RVB: 06:16.996 We've all been there.
KVT: 06:18.043 Yeah, we've all been there. So you're clicking around, and you're going through settings, and I don't know, connections, so you keep going circles and circles and circles because you can't find the damn button. And at that point, the system would say, "This looks a lot like what people do when they're looking for this thing," and then you would get a little pop-up saying, "Are you maybe looking for this?" And similarly, if you're using a certain feature and you're doing something really weird and other people have done that, and then they went through the documentation and found some other feature, then you could shortcut that and skip a few jumps in that graph and immediately serve them the information that they're looking for. So it's kind of like analysing patterns of behaviour that people have inside of a web application and then serving them-- that's patterns of behaviour that they normally do just before going to documentation sites and then serving them that documentation that people normally will find when they go to documentation site after they've done a certain thing, and then serving that information to them. So that's one of the really cool things that I would like to do. 
RVB: 07:32.834 Yeah, I understand. So why is that such a good use case for a graph database? Is that because of the pattern recognition, or what's the secret sauce? 
KVT: 07:44.973 So it's the pattern recognition. So I think CMSs are really good at storing data in a-- storing similarly structured information because most of CMSs use SQL databases and they're pretty good at that, just building up a content model and then reusing that over and over again. But being able to recognise behaviour-- well, that's not something that we are normally doing in the CMS space. We have some very basic things, like there's some recommendation based on the content and shared keywords and things like that, but behaviour analysis is not one of the things that you normally find in the CMS. So for that, we need different technology because in a SQL database you would have to do so many joints to even figure out what's going on, yeah, that I don't think that it would make sense to do it that way. And ideally, it would be a system that you don't have to program everything but that it can start looking for patterns on its own eventually. And that you build this graph of interactions and content and kind of like a graph that combines those two to do things with that. So yeah. 
RVB: 09:04.602 So where are you guys with this? How far along that path are you? I know you've done some prototyping already, right? 

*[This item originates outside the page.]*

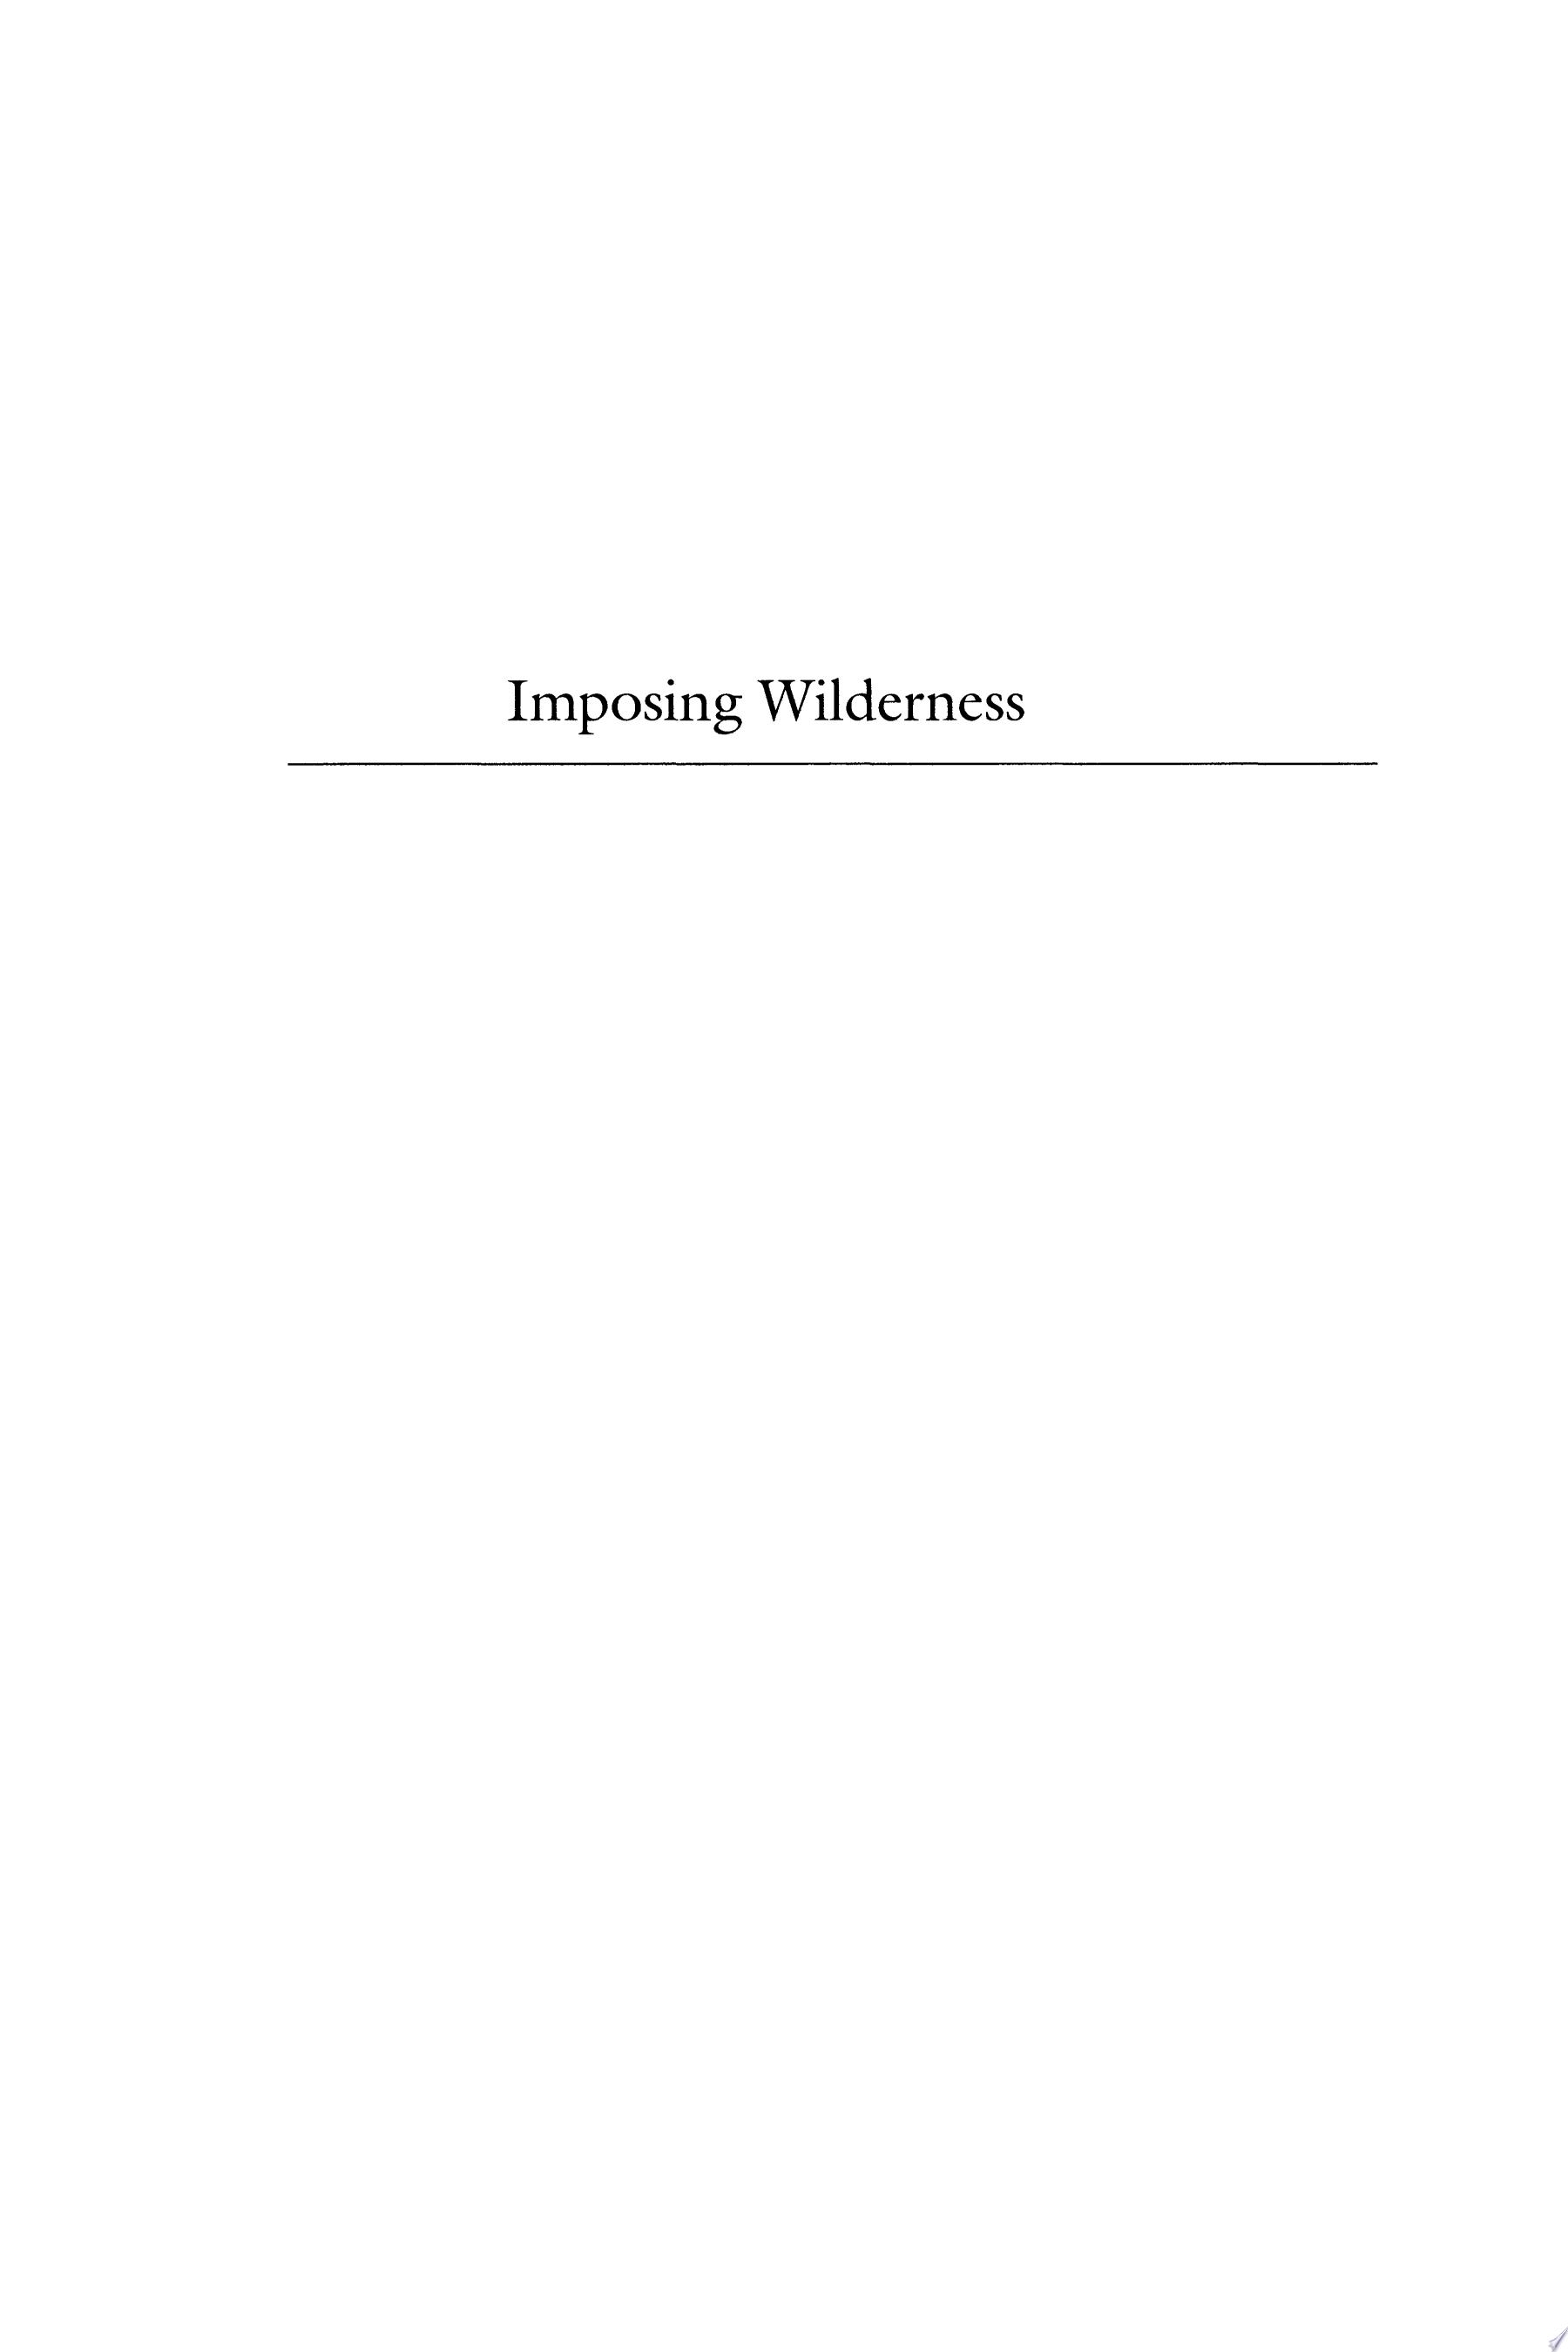 Imposing Wilderness

KVT: 09:11.567 Yeah. So we are very, very early. So our main business right now is developer portals. So two years ago we started working-- well, a year and a half ago we started working with APG, that's now part of Google, and they have a developer portal that we are customising for their customers. And we built this whole business around documentation, specifically about APIs, so that's where our core focus is right now. And so the AI and personalised documentation is something that we're doing research on. So the thing we've done currently is we've built a connector for Drupal for Neo - I did a talk about that at FOSDEM - and that was-- 
RVB: 10:02.991 I went to that one, yeah. 
KVT: 10:04.291 Yeah. So that talk was not just about this use case. It was about what could you do if you combine a CMS and a graph database and looking at it from an added-value perspective, rather than a replacement perspective. Because I know that in the DO community people are like, "Just get rid of the stupid SQL databases [laughter]." They're worthless and graph databases can do everything so much better. I think--
RVB: 10:37.056 That's a pipe dream in my opinion. 

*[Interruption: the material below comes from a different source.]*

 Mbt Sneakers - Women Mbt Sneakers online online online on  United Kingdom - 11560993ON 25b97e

KVT: 10:38.368 Probably. You could build a CMS graph database, and I think that could work. But I think that there's so much existing technology already where it's a large amount of extensions and huge communities that it would make more sense to create an add-on instead of a replacement because if you replace it then you have to rewrite everything. 

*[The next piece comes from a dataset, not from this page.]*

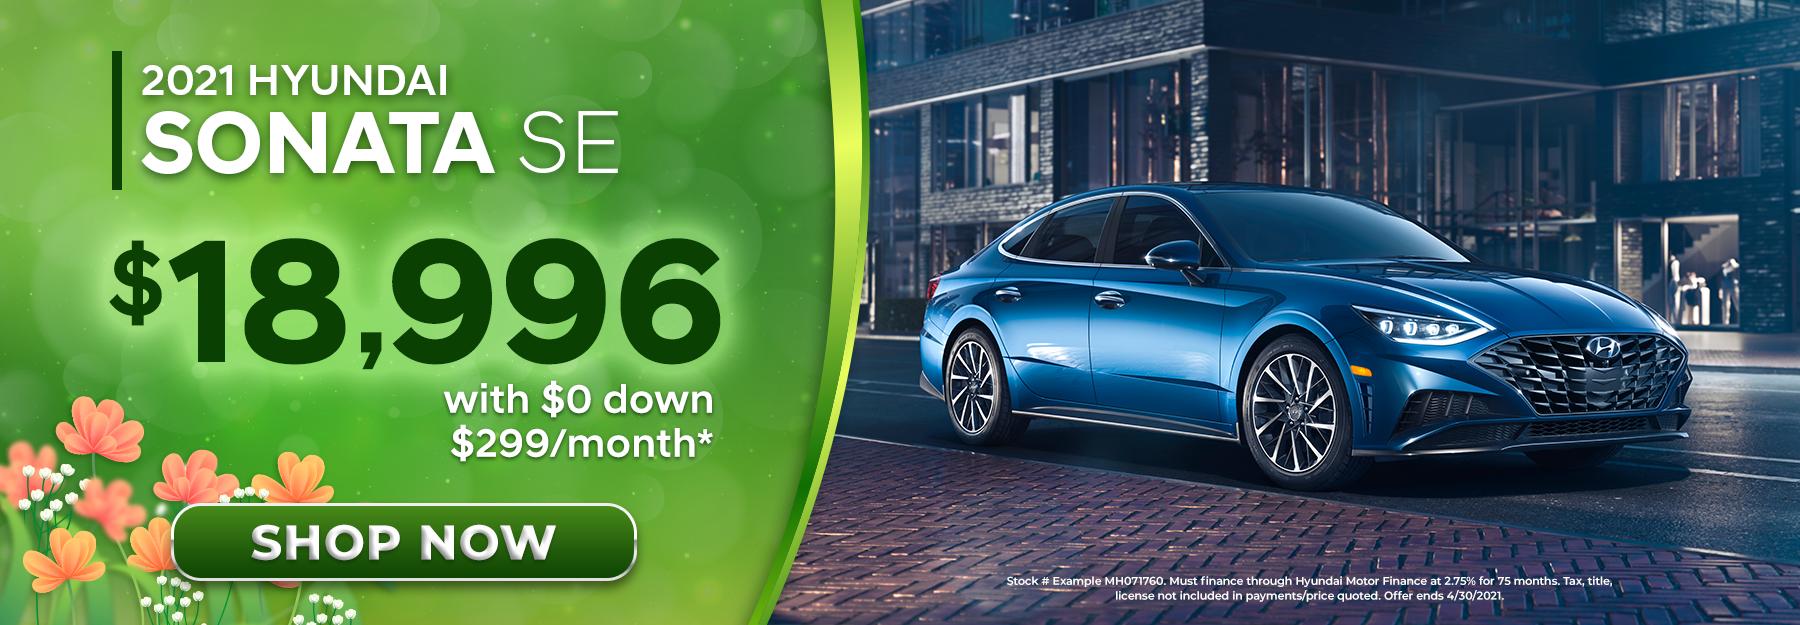 2021 Hyundai Sonata SE With $0 Down, $299/Month

RVB: 11:05.120 I couldn't agree more. 
KVT: 11:06.124 Yeah. So that's why I think that's their sweet spot for Neo in the CMS community but I think there's two stress facts to this. One is the sweet spot for neo in the CMS community, and that could be recommendation and pattern finding. But then there's also the inverse that you could think about and that's what if you were to put an open source CMS like Drupal in front of a graph database and we use it as an interface to manipulate the graph and to add, maybe, some structured objects into your graph? And then use the CMS to build reports about those objects and the graph to find out which ones you're going to put into your reports. So that was my talk about. 
RVB: 11:57.922 Well, you've already touched on my last question, which is what does the future hold [laughter]? What could we do in the future? And I know that we'll be doing some meet-ups together and I'm really looking forward to those, but where does this go, Kristof? What's in your crystal ball? 
KVT: 12:21.174 So I love thinking about a future. I really love Kevin Kelly's book, The Inevitable. And in that book, he talked about-- I think this is the basic pattern that got me thinking about this, also. He talks about flowing and it's a very, very interesting concept that we're moving from an Internet where we used to have documents to an Internet where we have pages today, where we'll have flows of information tomorrow. And this idea of going from having an object that's structures and it has a context-- has a manual context, or a book context, or a document's context where you put all the information in context of the rest of the book into a very rigid structure. That's how we used to do things. That's how books and manuals were built, even when printing press-- even before the printing press was invited. And what the Internet has been doing, and what search engines have been doing, is that we've been moving towards pages where you can just dive into any object-- sorry, any document, any book, and just find out one page where a certain concept is explained. So you can just jump in. You don't have to read the whole book to be able to understand something. And that's where we are today. But I think that's the next step in this process, and it's also what Kevin Kelly talks about is flows, where you have a flow of information that's much more personalised, and we're just constantly dipping in and out of these information flows around us that are serving us the documentation that we need at a certain time to be able to do what we need to do and that are aware of our contexts so that we don't have to adjust to the context of the documentation, but the documentation adjusts to our own personal context, and I think-- yeah? 
RVB: 14:31.872 So what I'm hearing is you see this graph database integration and everything that you guys are building as a means to that end, to get there somewhere, somehow, to get closer to it. 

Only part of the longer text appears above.